Large is certainly relative.

A 'large' player in a niche market might do $1-3M.. Very different needs from some sites listed in this thread.

Depending on the store transaction volume, sites running less than $15M can run very well on 'canned' platforms like MIVA (5.0) or Yahoo (see rockbottomgolf.com)

All below use 'in-house' carts.

06' reported sales:
Home Decorators - $32M
B&H - $84M
Zappos - $600M
NewEgg - $1.5B

[edited by: MrPhotoID at 5:30 pm (utc) on May 6, 2008]

ByronM

WebmasterWorld Senior Member 10+ Year Member



 
Msg#: 3619942 posted 5:31 pm on May 6, 2008 (gmt 0)

I know for sure NewEgg is v-commerce, not 'in-house'. V-commerce has a six figure startup, six figure support cost and a residual/commission on % sold.

MrPhotoID

5+ Year Member



 
Msg#: 3619942 posted 6:40 pm on May 6, 2008 (gmt 0)

Looks like you're right re Newegg - that's how they report to IR.

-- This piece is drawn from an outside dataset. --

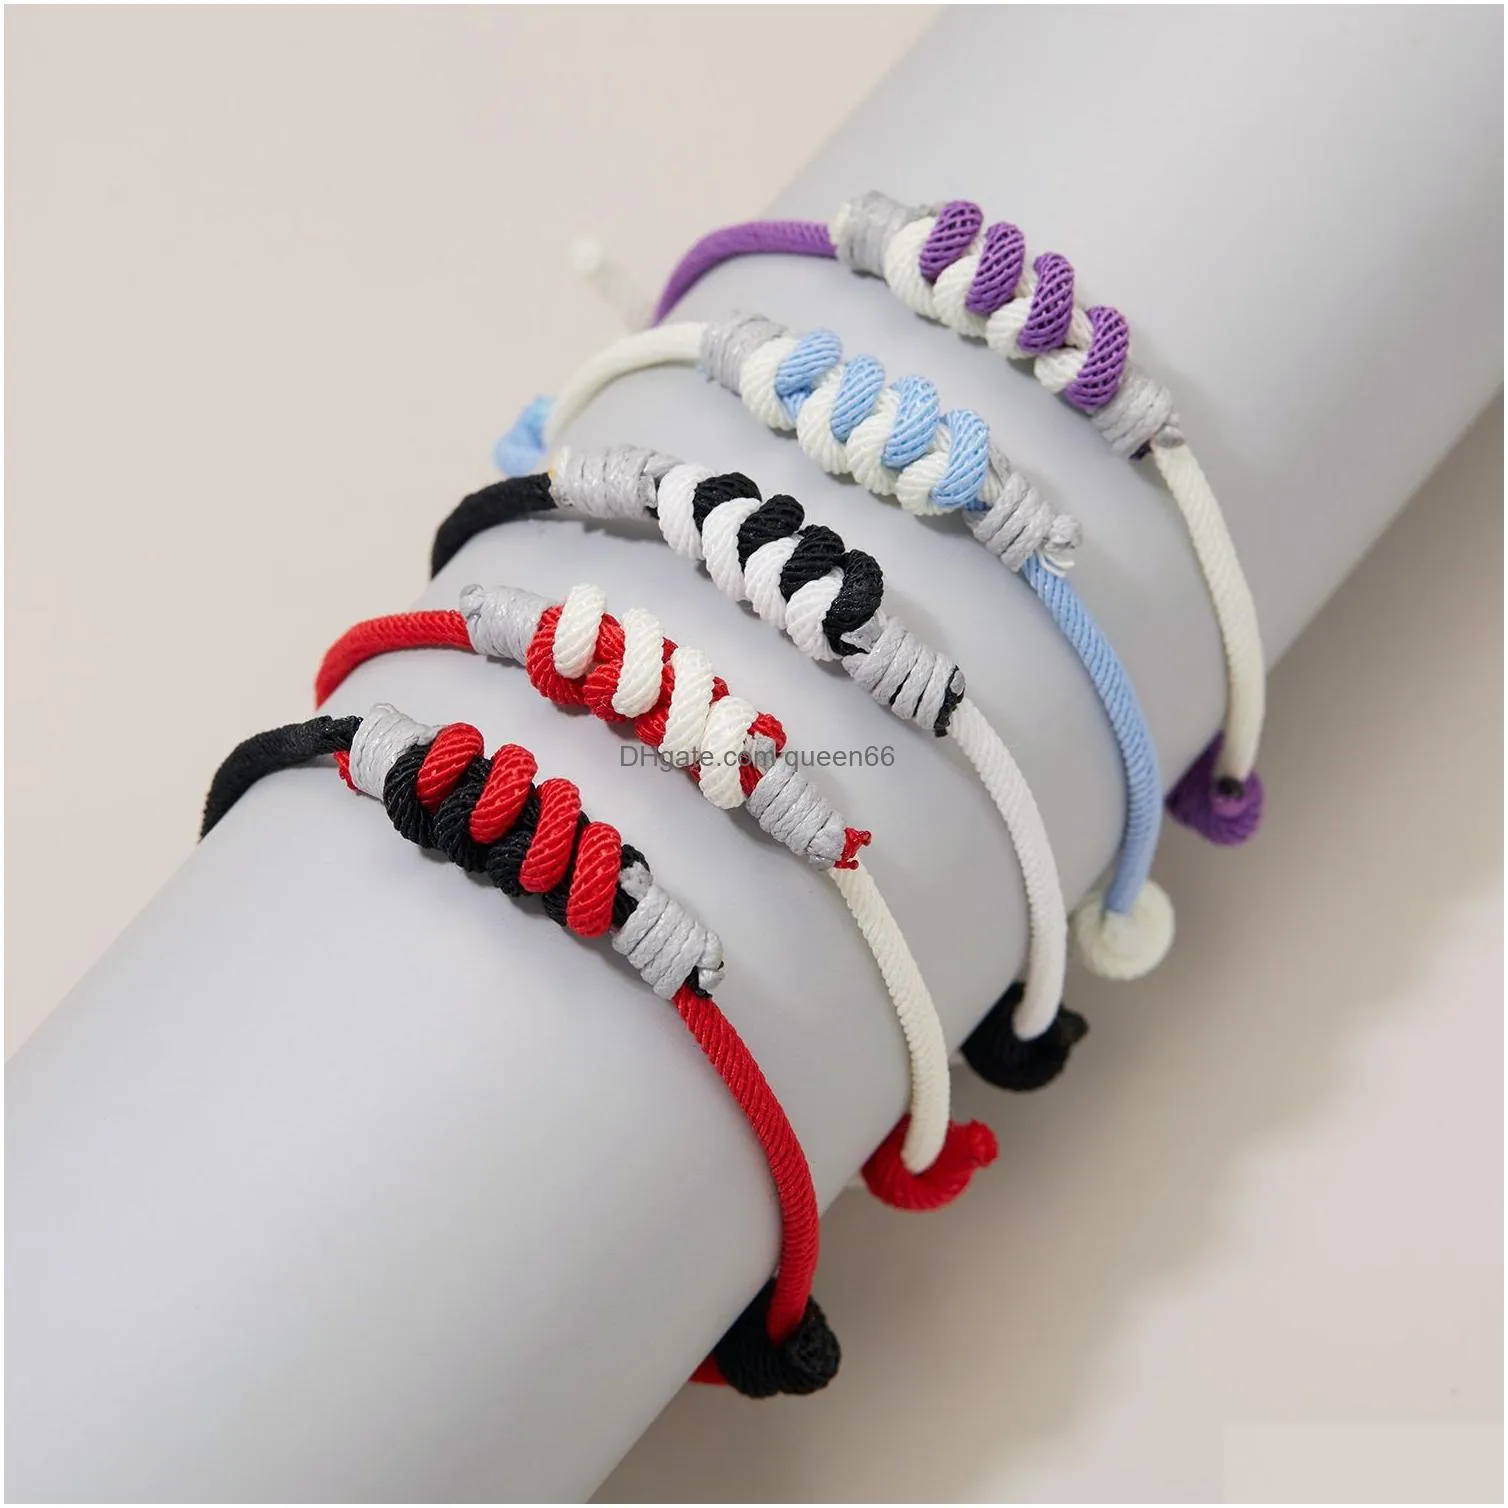 Braided Rope Identification Bracelets For Women Two-tone Rope Rolled Together Charm Bracelet Original Design Jewelry Friends Gift

Aside - if my company was > $1B in sales, I wouldn't be paying a commission to my cart provider. <crazy>

ByronM

WebmasterWorld Senior Member 10+ Year Member



 
Msg#: 3619942 posted 2:19 pm on May 7, 2008 (gmt 0)


Aside - if my company was > $1B in sales, I wouldn't be paying a commission to my cart provider. <crazy>

Not necessarily crazy. Do you see what they provide business wise? I mean its highly adaptive & advanced from customer acquisition to retention. Much more than a "shopping cart" platform.

If you were to try and do it yourself and or with 3rd party apps i'm sure the fees would out weigh the commissions charged by a single solution provide.

arubin

10+ Year Member



 
Msg#: 3619942 posted 4:15 pm on May 7, 2008 (gmt 0)

We worked off a highly customized open source platform until we reached about $3M in sales. We built our own from there. Total cost for the new platform I'd estimate at $300K. We have multiple sites and they all operate under different rules. For us an in-house solution was the right move.

The downside is I have only 2 developers and many projects. I can't get things done as quickly as I could if I had the ability to contract out the work.